Open wide
Got an interesting email today that is Dr. Thomas Reeves' account of teaching students at an open-admission university. I have no link for the article, the title of which is, "My Experience Teaching Apathetic Students at a School with Open Admissions" so I'll quote at length:
"Since 1970 I have taught history at the University of Wisconsin-Parkside, in Kenosha. This campus admits 95 percent of its applicants and boasts in newspaper ads that acceptance can be granted almost immediately. In the fall of 2000, only 8 percent of its incoming freshmen ranked in the top ten percent of their high school class. A whopping 42 percent ranked in the bottom half of their high school class...[by 1994] the number of all incoming freshmen graduating after four years was a mere 12 percent.
"Teaching American history for more than thirty years at Parkside has given me the opportunity to learn much about the dynamics of open admissions in higher education. Speaking with other faculty, locally and at similar campuses across the country over the decades, in my own academic discipline and in others, I've become convinced that my experiences are by no means unusual. What I have seen going on in the world of open admissions education I call "The Classroom Game."
"Since I teach two introductory survey courses every semester in American history, let me begin there. One quickly learns that the young people signed up for 101 and 102 (the chronological break between the courses at Parkside is 1877) know virtually nothing about the history of their own nation. They have no grasp of colonial America...or the nation's constitutional machinery. All religion baffles them (no doubt a tribute to the secularism dominant in modern public schools), all intellectual history eludes them, and politics bores them. Even after instruction, they often confuse World War I and World War II... Almost all of the students simply refuse to memorize the Chief Executives in their proper chronological order. In fact, they choose to ignore dates of any kind; written exams rarely contain any.
"This proud ignorance rests on a seemingly invincible anti-intellectualism...These amiable, polite, almost invariably likeable young people read little or nothing. In a class of 50, not more than one or two read a newspaper daily; what tiny grasp they have of current events comes from television news. Reading books and magazines outside the classroom is not something they would even consider doing. In short, they have no intellectual life and see no need for one.
"How much reading should be assigned? I have dropped my standards over the years by two-thirds. Still, I am routinely described as extremely demanding...Yielding somewhat to the pressure, in 102 not long ago I assigned 20 pages a week in my own textbook, a brief history of America in the twentieth century. A senior sociology major informed me angrily that no one else among her professors that semester was so demanding. Twenty pages a week. The experiment in minimal reading ended in failure: students still wouldn't complete the assignment.
"In 102, I recently added an Internet requirement. I devoted considerable time to finding relevant web pages, many containing photographs and filmsof major people and events covered in class. Since young people spend a great deal of time at the computer, I assumed this would prove popular.
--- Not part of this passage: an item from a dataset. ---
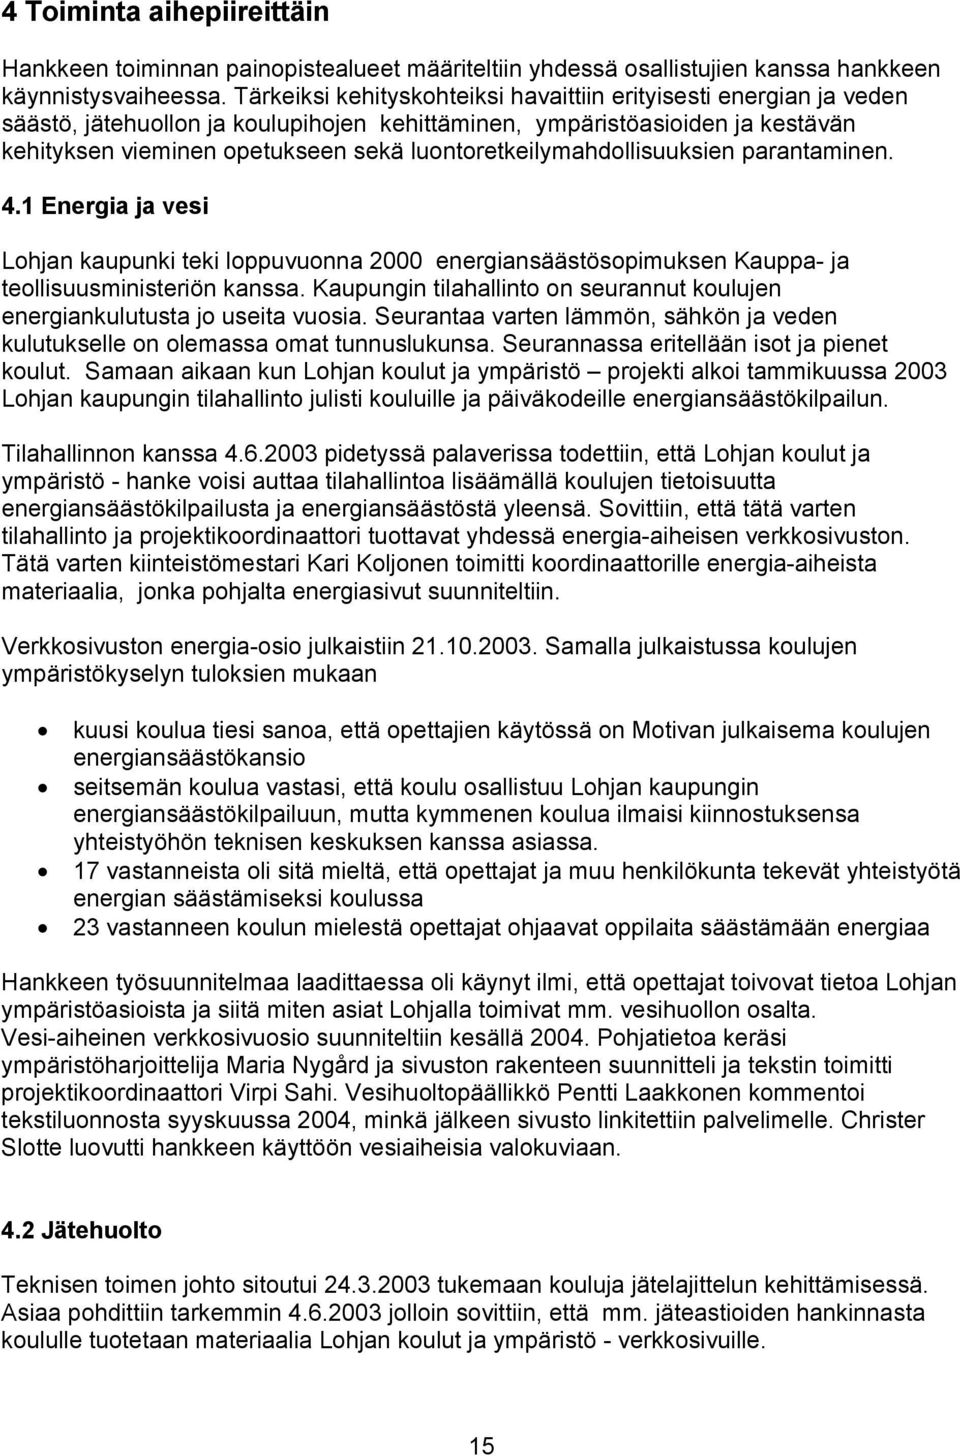 luontoretkeilymahdollisuuksien parantaminen. 4.1 Energia ja vesi Lohjan kaupunki teki loppuvuonna 2000 energiansäästösopimuksen Kauppa- ja teollisuusministeriön kanssa.

Most of my students simply refused to do it. I could generate no interest in the assignment at all. Many young people, apparently, do not consider education a valid function of the Internet."
And on, and on, and depressingly on. When no standards are required for college admission, it is no surprise that the college classes will have to be dumbed down to satisfy those who cannot meet even minimum standards. But flunking students is now an unpopular act, and the results of this on open-admission students is predictable:
"The Classroom Game, then, is about gaining academic credits while successfully resisting education...The professor, fearing the student evaluations that are taken seriously by many faculty and administrators at this level of academia, and increasingly weary of clinging to intellectual standards long abandoned by colleagues in their quest for popularity and security, often winds up caving in and giving the students what they want, including high grades. (The sciences are less likely to succumb than the liberal arts and social sciences, but the "dumbing down" is in evidence everywhere.)...
"The Game decrees that majors will receive good grades, regardless of their effort. Disciplines need majors. Without them, the Department members would be teaching nothing but survey courses and would be less able to successfully request additional funds and faculty...Fortunately for the students, graduation requirements have continued to drop in recent years all across the nation and at all levels. Only two percent of the colleges and universities require a history course of any kind.
"The destructive impact of Open Admissions and The Classroom Game on the quality of higher education should be obvious. The demonstrable drop in educational standards over the past forty years has been tragic. But what about the effect on students? What about the countless thousands of young people who flunk out or drop out every year when they realize that they cannot handle even the minimal standards that face them?"
Guess the educrats will call for more "self-esteem" training then.